Four days later, Commissioner Daniel Gallagher offered some informal remarks on leading current issues in securities regulation and enforcement at a Columbia Law School Conference. Gallagher drew attention to the issue of "shareholder penalties" — the situation that arises where shareholders foot the bill when a company pays hefty fines. In doing so, he echoed Andrew Ross Sorkin's point that shareholders are victimized twice — first by corporate malfeasance and then by having to pay the penalty out of their earnings.

Andrew Ceresney, Co-Director of the Division of Enforcement, spoke at the International Conference on the Foreign Corrupt Practices Act ("FCPA") on November 19. He pointed out that over the last twelve months the SEC recovered over $240 million in disgorgement and penalties from FCPA cases, and over the past three fiscal years, has filed over 40 FCPA enforcement actions. He urged corporate counsel to nurture a culture of compliance, and noted that the SEC must continue to find ways to educate and inform the industry about the limits of permissible conduct. He assured attendees the SEC would remain the vigilant cop on the beat when it comes to the FCPA.

Next up, was Commissioner Kara M. Stein, who joined the SEC only three months earlier, who addressed the ABA Business Law Section's Federal Regulation of Securities Committee Fall Meeting. She offered an overview of the SEC's challenges from her newcomer's perspective, noting the difficulty of implementing an imperfect Volker rule, wondering if private offerings would be advertised during the Super Bowl in the wake of the new exemption on mass marketing, and remarking on the challenges posed by regulating crowd funding and the 2010 Flash Crash.

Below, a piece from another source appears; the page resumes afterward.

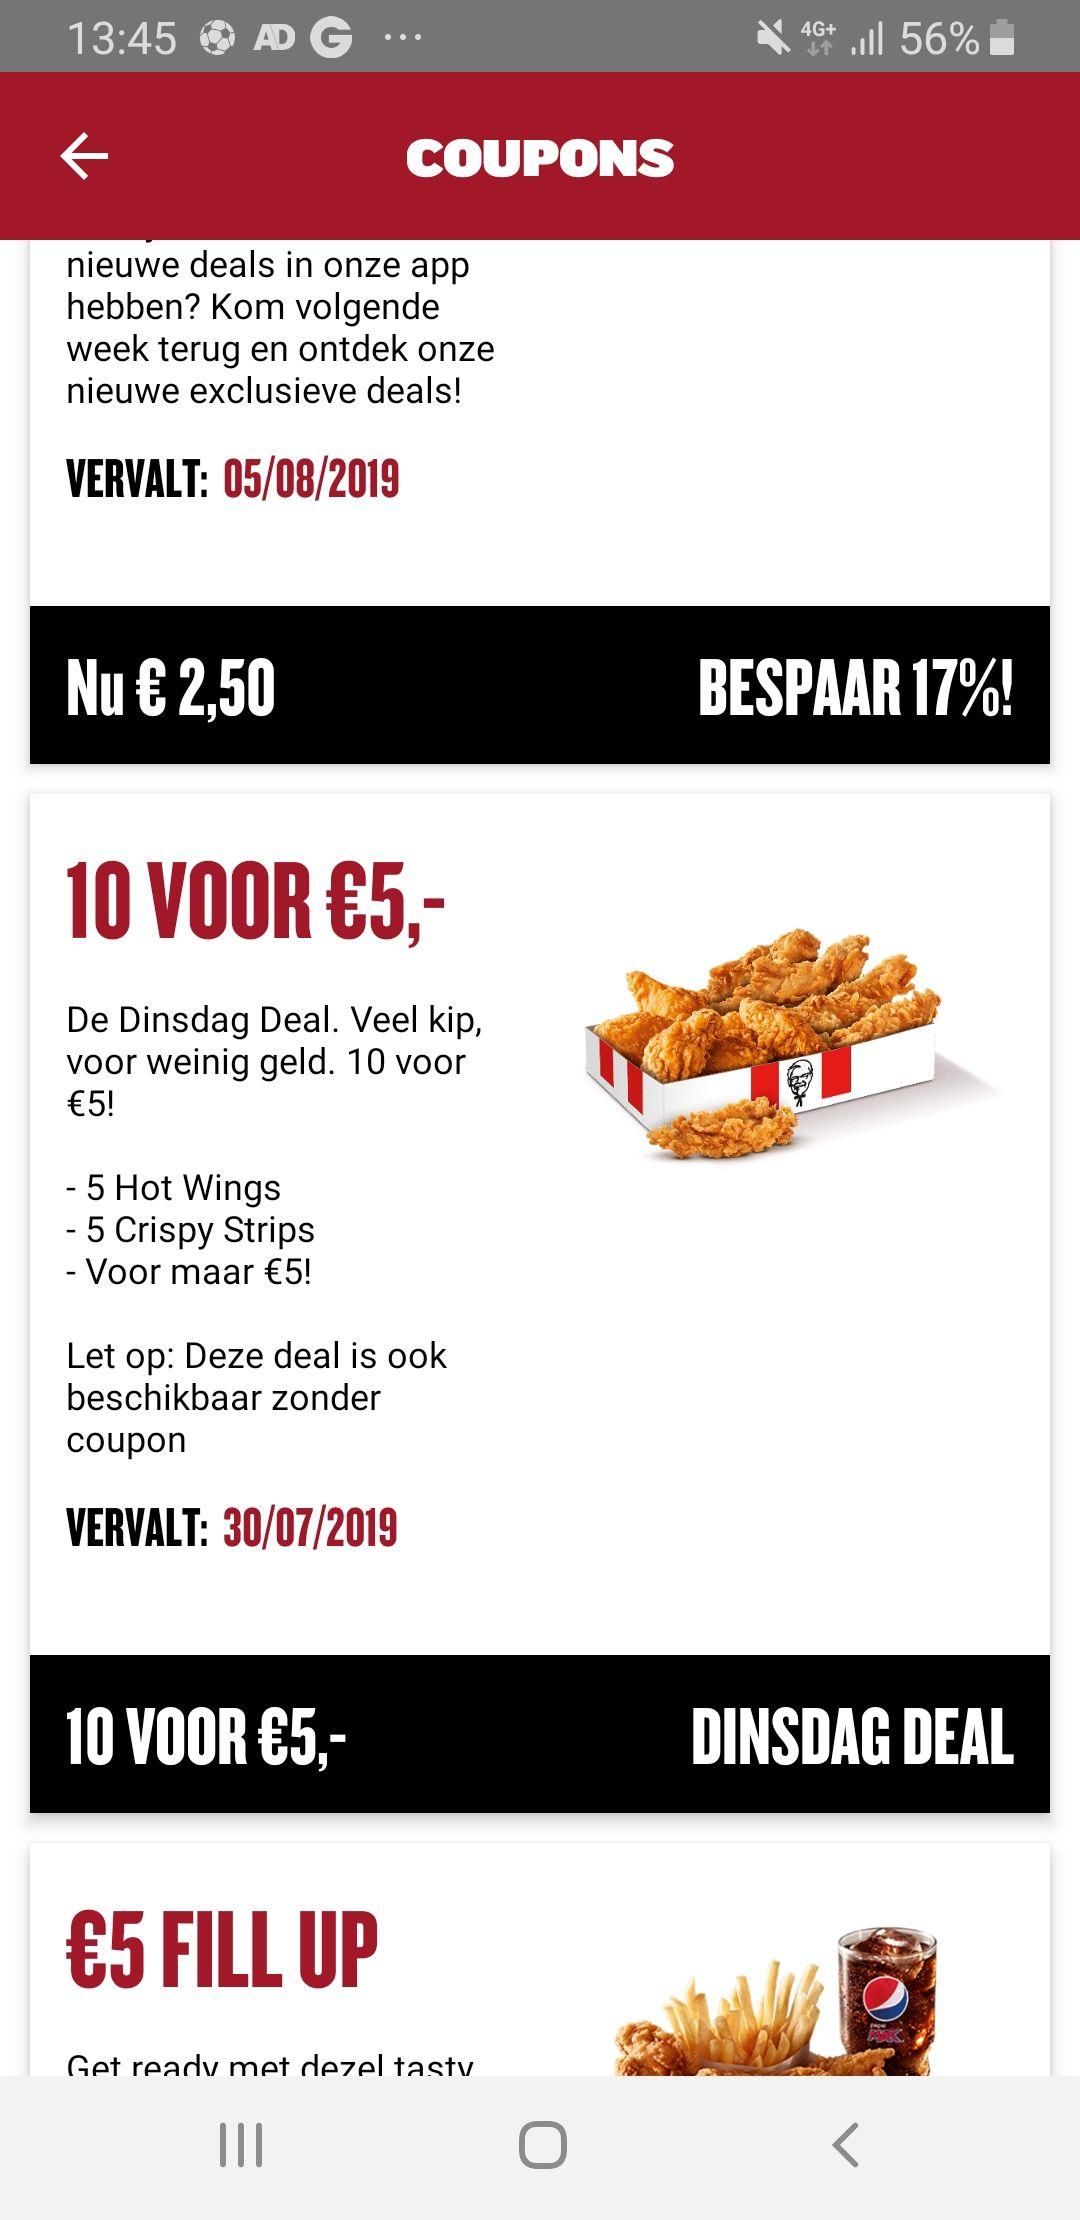 Nieuwe dinsdagdeal 5 chickenstrips en 5 hotwings voor 5€ en andere coupons

On the 50th anniversary of President Kennedy's assassination and the 100th day of Commissioner Michael S. Piwowar's tenure, Piwowar found himself in Los Angeles addressing a county bar association securities regulation seminar. Unlike most SEC Commissioners, Piwowar is an economist, not a lawyer. And from his perspective, federal securities law violations fall into three basic categories — lying, cheating, and stealing.

How much weight should we give this flurry of speechifying by the SEC? Writing on the CLS Blue Sky Blog, John Coffee Jr. wonders if the SEC can walk the walk as well as it talks the talk. Riffing on United States District Judge Jed Rakoff's by now celebrated critique of prosecutorial diffidence in prosecuting Wall Street malefactors, Coffee (who was singled out in Commissioner Gallagher's speech of November 18) said "the Judge's words will resonate with many, particularly those concerned that we have quietly accepted a double standard for criminal justice under which banks (and their executives) have been treated as 'too big to jail.'" But he focused on the SEC's paltry funding deficit compared to the Justice Department, and on the institutional imperatives which discourage risk-taking and encourage the harvesting of small fish.

Perceptions matter, in the regulatory world as elsewhere. The SEC is trying to pump up its street cred. Whether the world is buying it is an open question.